Who this is for and what you will build
You are a good fit for this guide if you do a recurring task that involves reading text a person wrote and deciding what to do with it. The classic example, and the one we build toward, is inbox sorting: unread mail comes in, the AI labels each message as urgent, newsletter, invoice, or general, and the labels get written to a log you can act on. The exact task does not matter. Swap emails for support tickets, PDF invoices, or rows in a spreadsheet and the code barely changes.

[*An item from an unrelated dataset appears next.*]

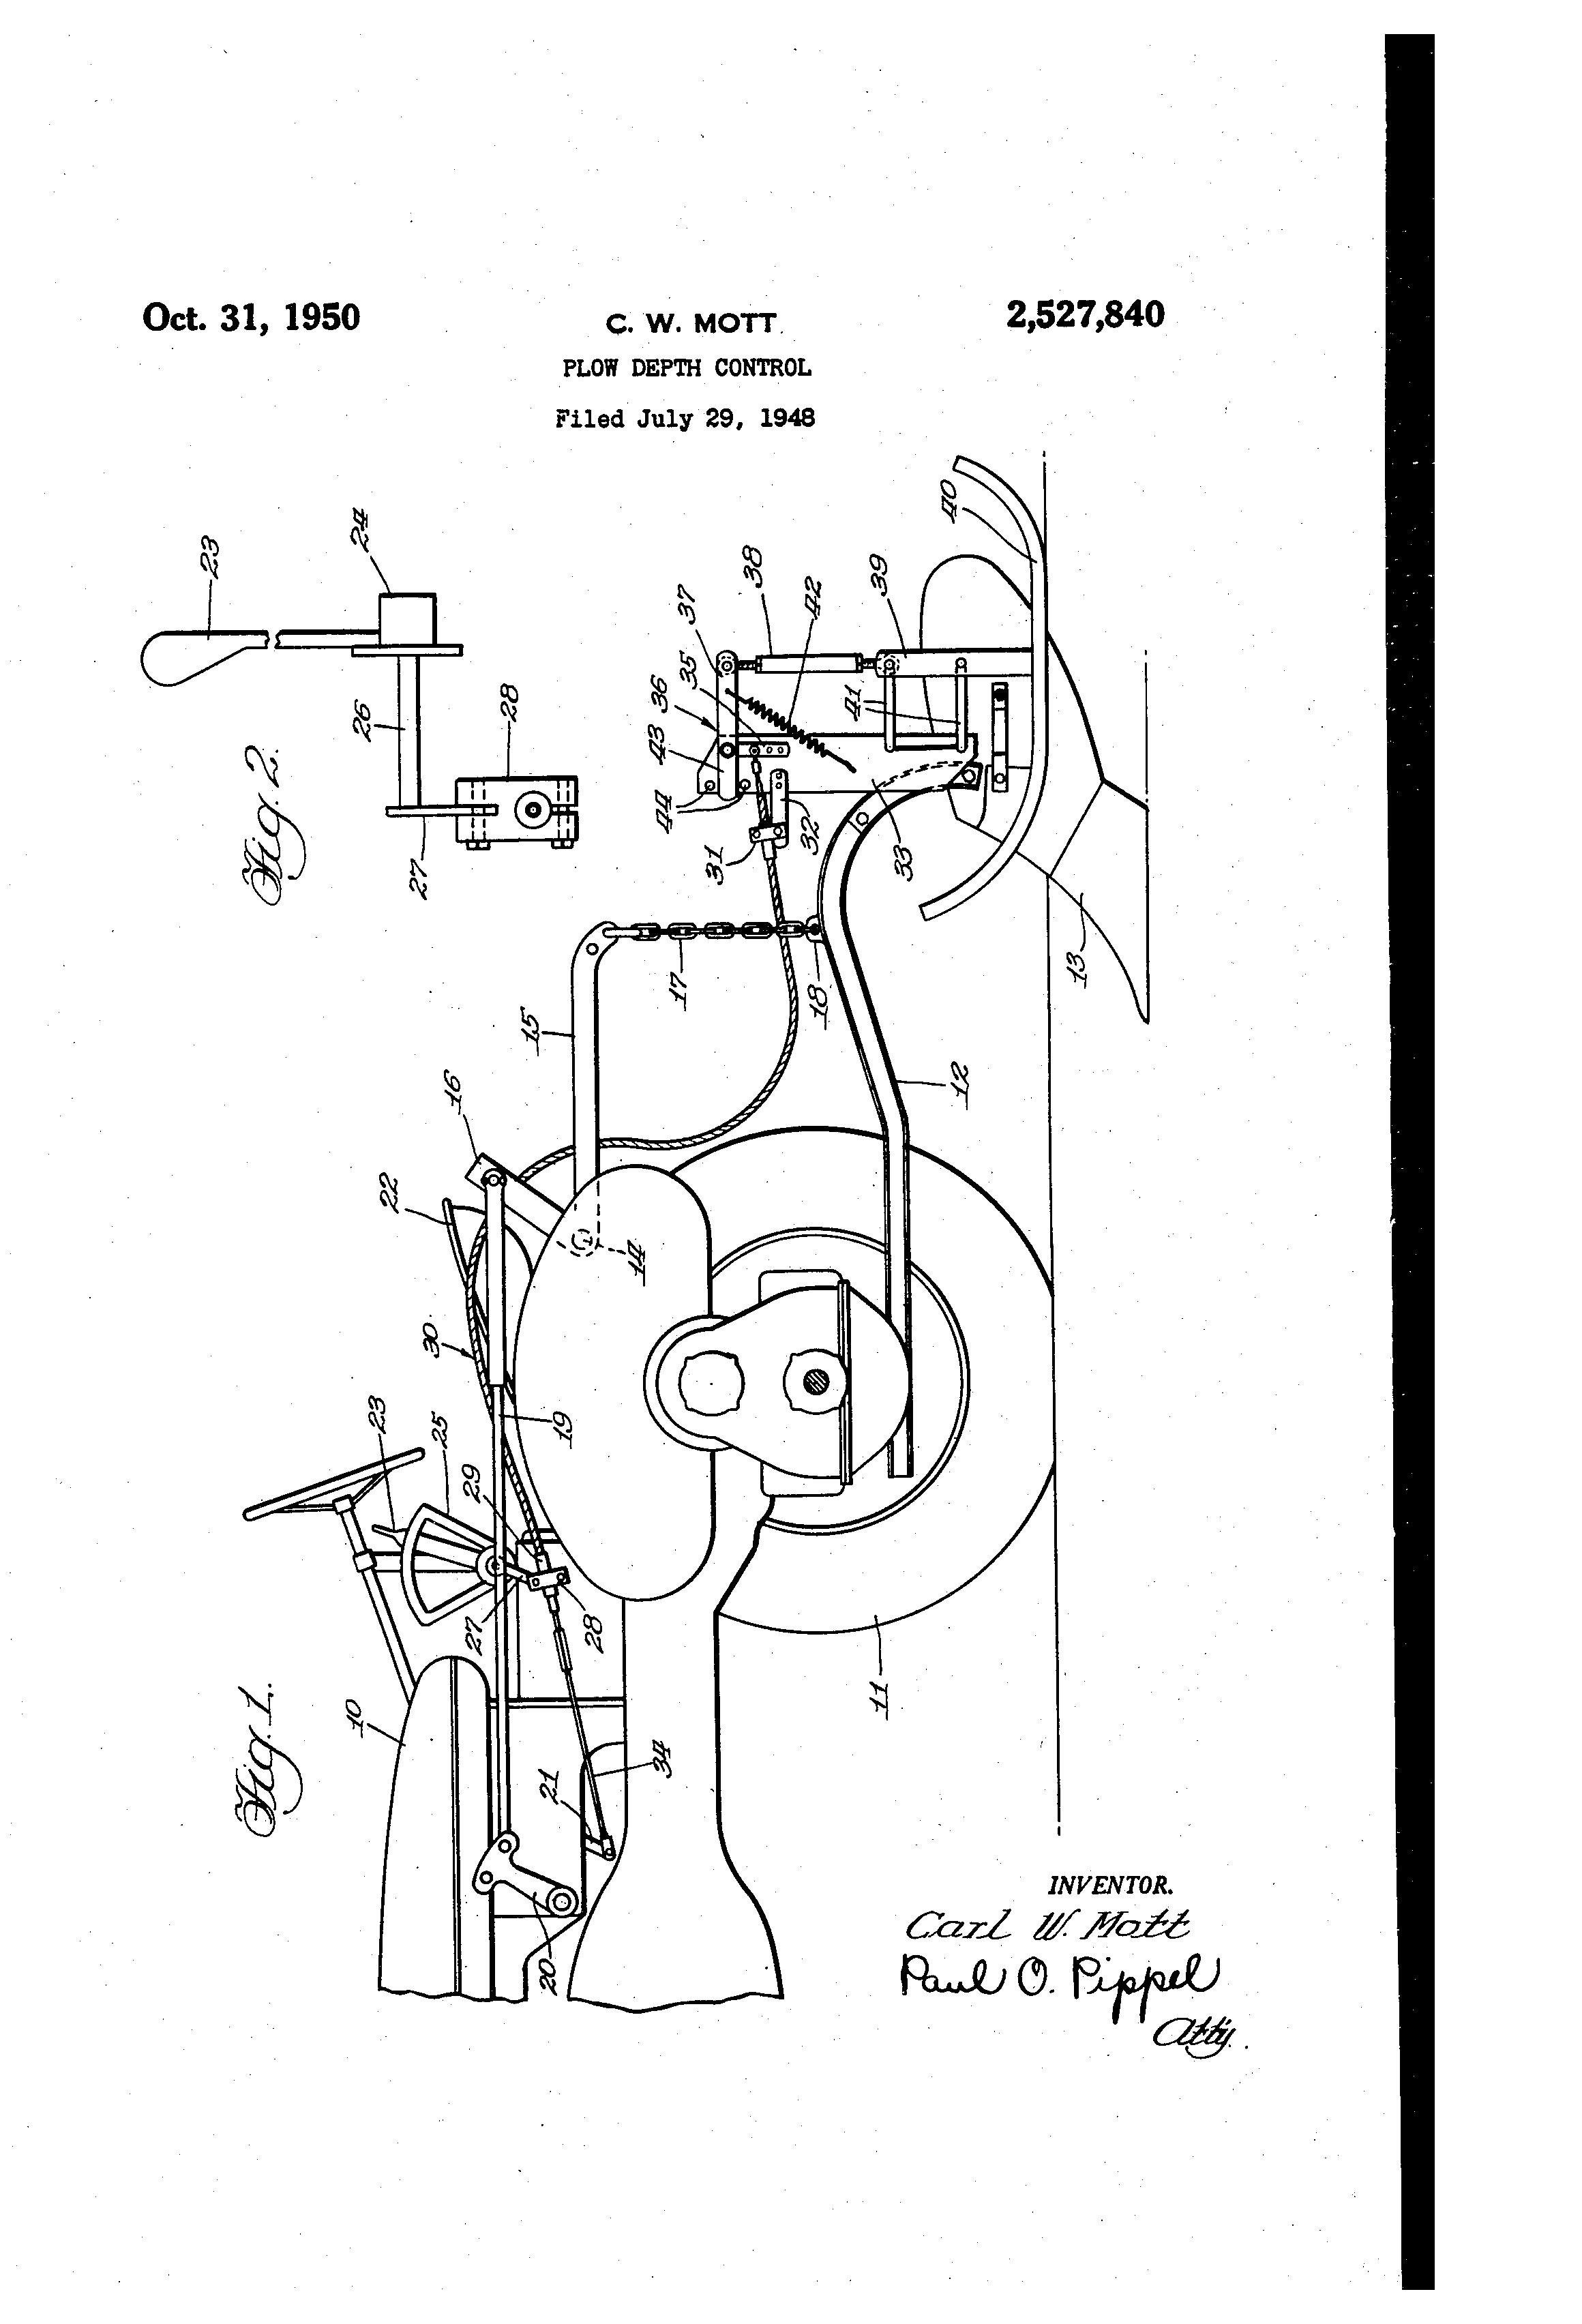 Patent US2527840 - Plow depth control - Google Patents
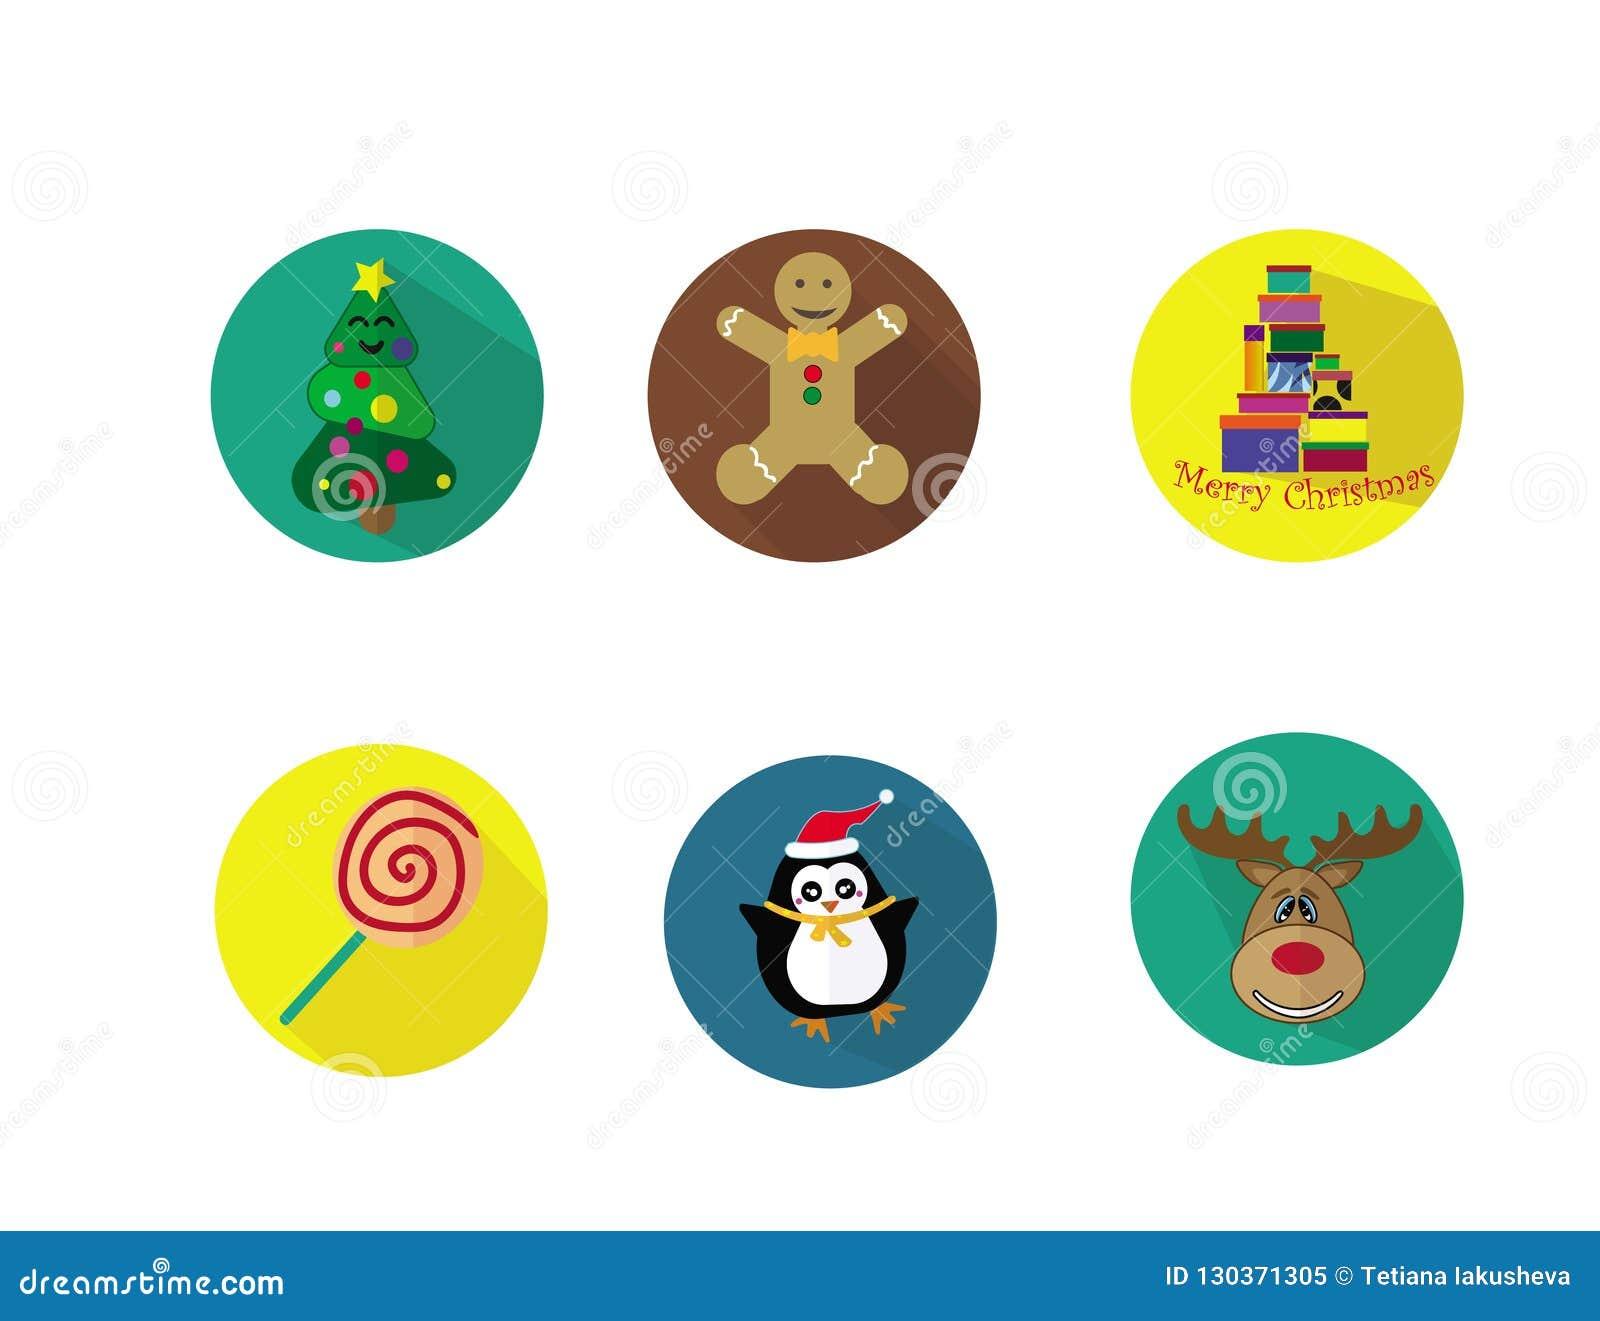 Christmas icons set. Colorful and funny.

The skill you are really learning is how to split a chore into two kinds of work: the parts a computer can do with fixed rules, and the parts that need a human-style read of messy text. Plain Python is perfect for the fixed parts — listing files, looping, writing a CSV — and it is free and instant. The AI handles only the judgement: "is this email urgent?", "what is the total on this invoice?", "is this review positive or negative?". Keeping that split clear is what makes your automation cheap, fast, and easy to debug, because most of the program is ordinary code you can read at a glance.
It also helps to know when not to reach for an AI at all. If a task has a clean rule — "move every file older than 30 days into an archive folder" — a few lines of plain Python beat an AI on speed, cost, and reliability every time. Save the model for the moments where a rule would need a hundred exceptions to work. A good test: if you can describe the decision to a coworker in one sentence and they would always agree on the answer, write a rule; if reasonable people would sometimes disagree, that is judgement, and that is where the AI earns its place.
By the end you will have a single Python file that reads a batch of inputs, sends each to an AI model, saves the answers, and runs itself every morning. From there, the dedicated Python Script to Automate Email Sorting guide takes the same pattern all the way to a live Gmail inbox.
Prerequisites
You need Python 3.10 or newer. Check what you have:
python3 --version
Create a project folder, make an isolated virtual environment (a private copy of Python so these packages do not collide with anything else on your machine), and install the four libraries this guide uses:
python3 -m venv .venv
source .venv/bin/activate # Windows: .venv\Scripts\activate
pip install openai python-dotenv schedule httpx
Here is what each one does: openai is the official SDK for talking to the AI model, python-dotenv loads your secret key from a file, schedule runs your job on a timer, and httpx is a modern HTTP client used if you ever call an API the SDK does not cover. If installation as it stands fails, the Setting Up Python for AI section walks through OS-specific fixes.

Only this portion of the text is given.